U.S. Food and Drug Administration's Full Statement to "Nightline":
The FDA is committed to supporting the development of therapies for medical conditions related to female sexual dysfunction. The agency has approved treatments for pain during sexual intercourse and vaginal dryness associated with menopause. Additionally, the FDA has also identified female sexual dysfunction as one of 20 disease areas of high priority and focused attention. The agency will be actively soliciting patients’ perspectives on their condition and its impact on daily life.

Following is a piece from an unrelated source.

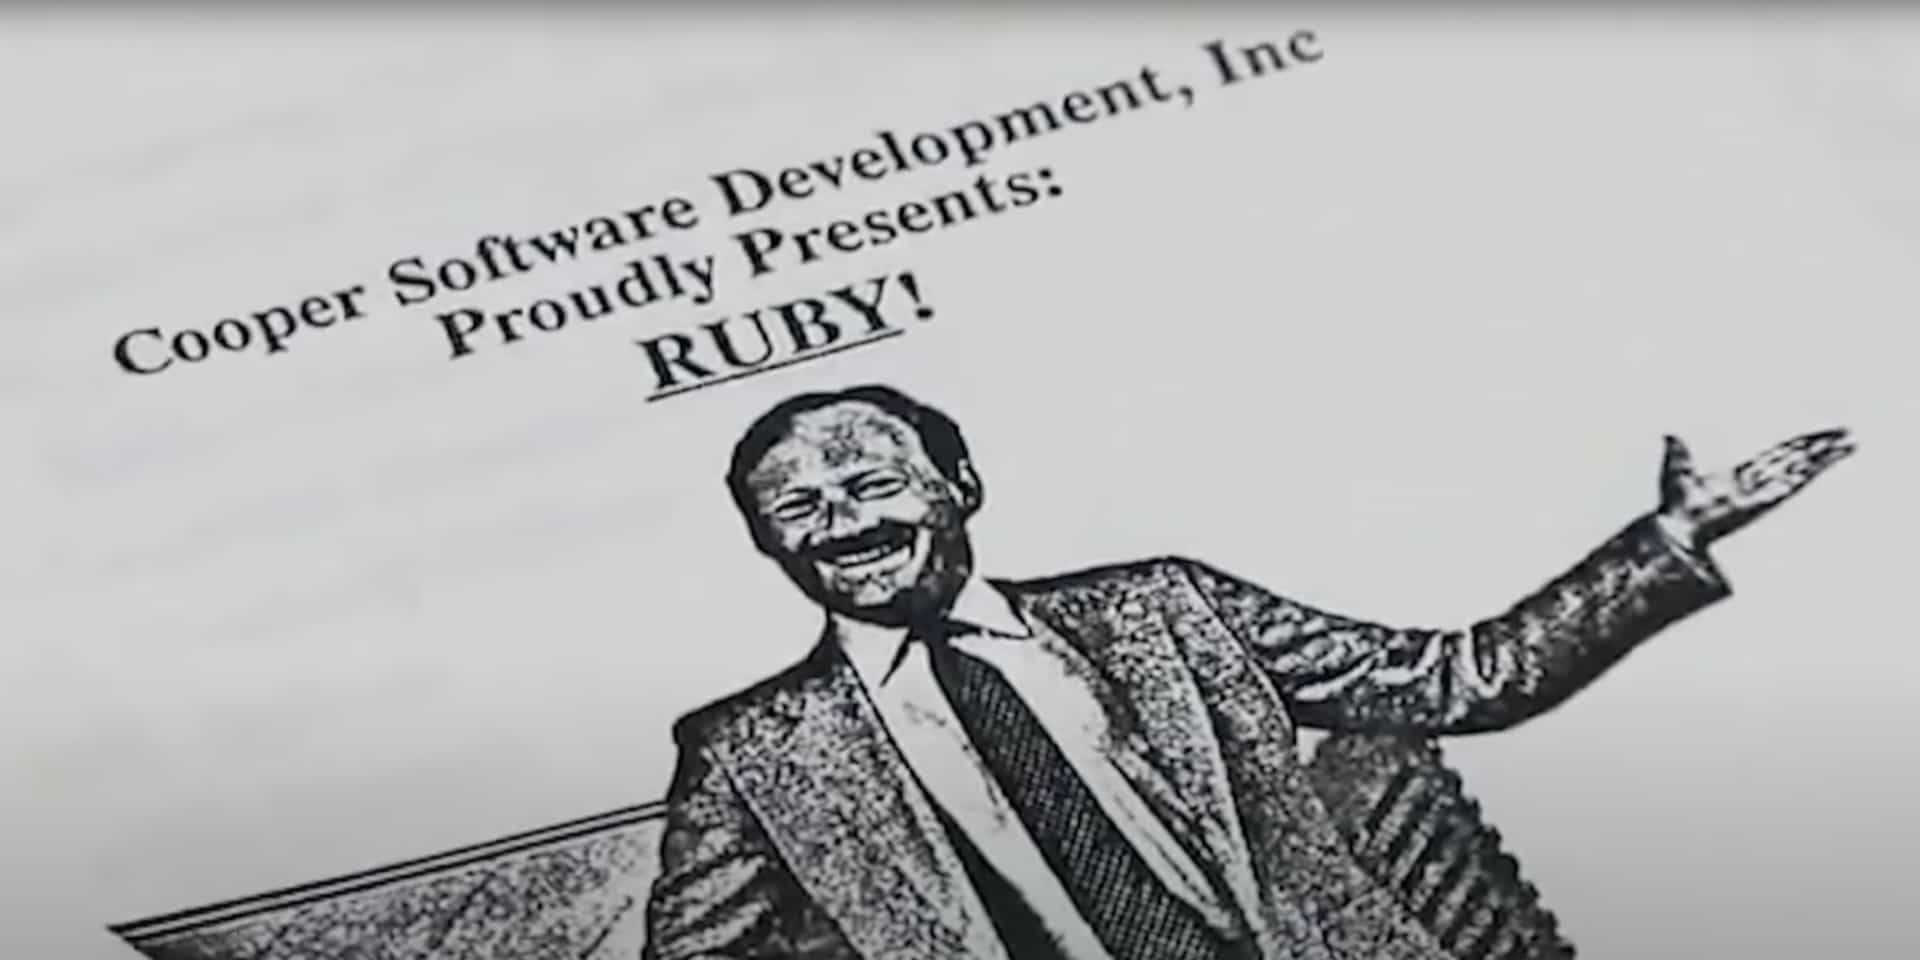 A photograph of a printed manual titled 'Cooper Software Development, Inc proudly presents: RUBY!' which has an image of a happy man in a suit with arms wide open.
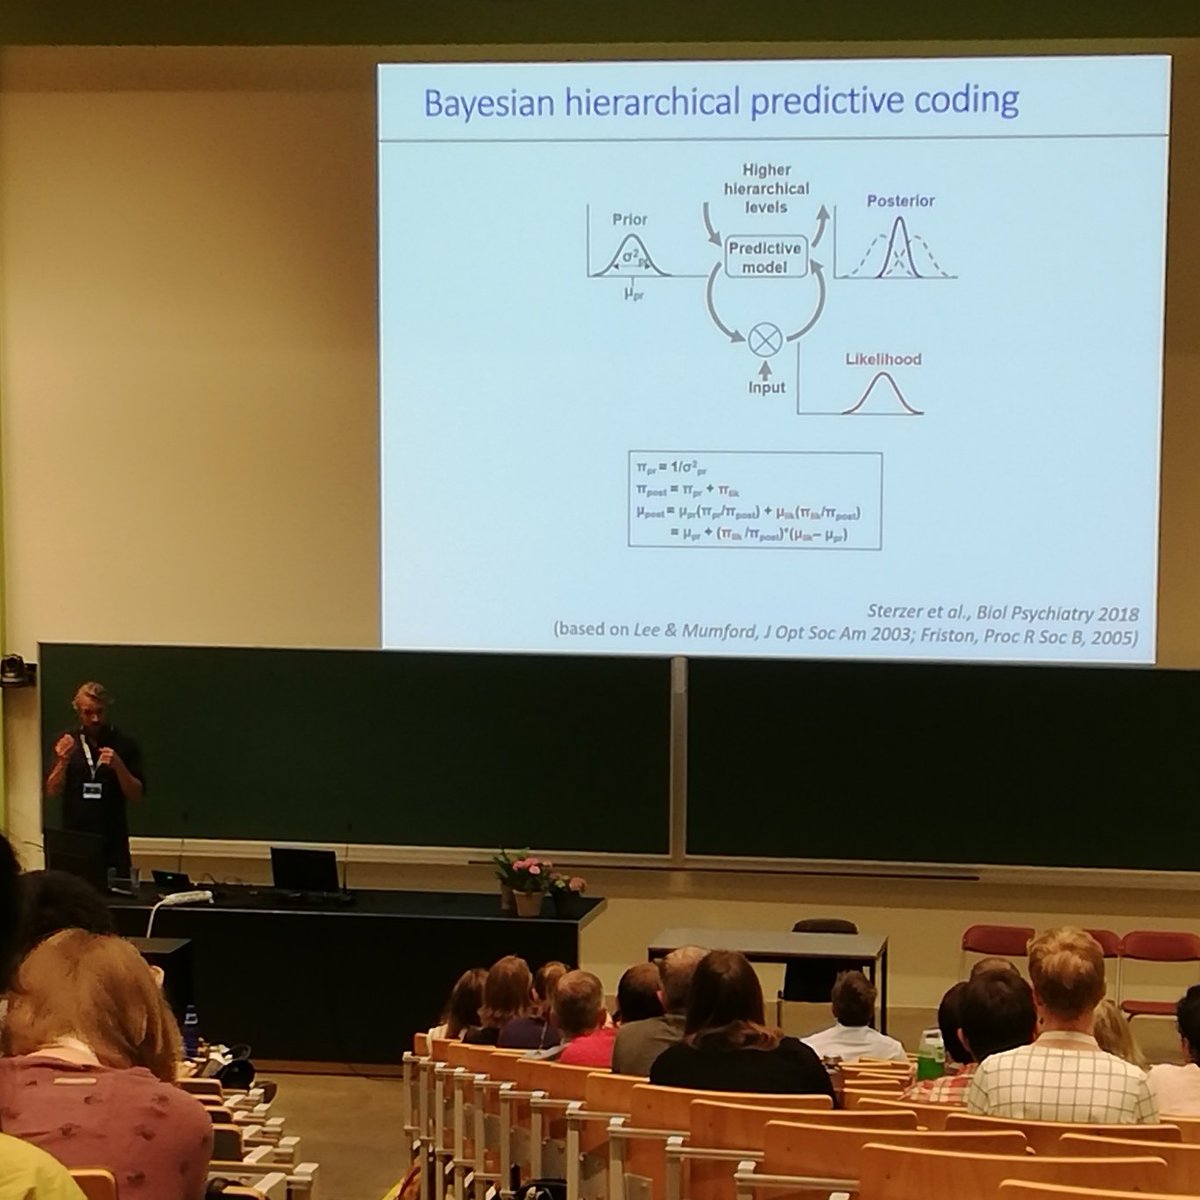 It was enlightening and inspiring to hear all the great presentations of #ECVP2019 in #Leuven, especially the talk from @weilnhammer, and the whole symposia about #predictivecoding account of #ASD and #Schizophrenia by @beckyneuro @flodlan and #PhilippSterzer.

The FDA cannot discuss any drug that is still under regulatory consideration. The agency evaluates drugs based on science and strongly rejects claims of gender bias. Currently, the FDA continues to work with the company to determine whether the drug’s benefits could outweigh its risks. The FDA strives to protect and advance all important areas of women’s health, and the agency is committed to working with companies to develop safe and effective treatments for female sexual dysfunction.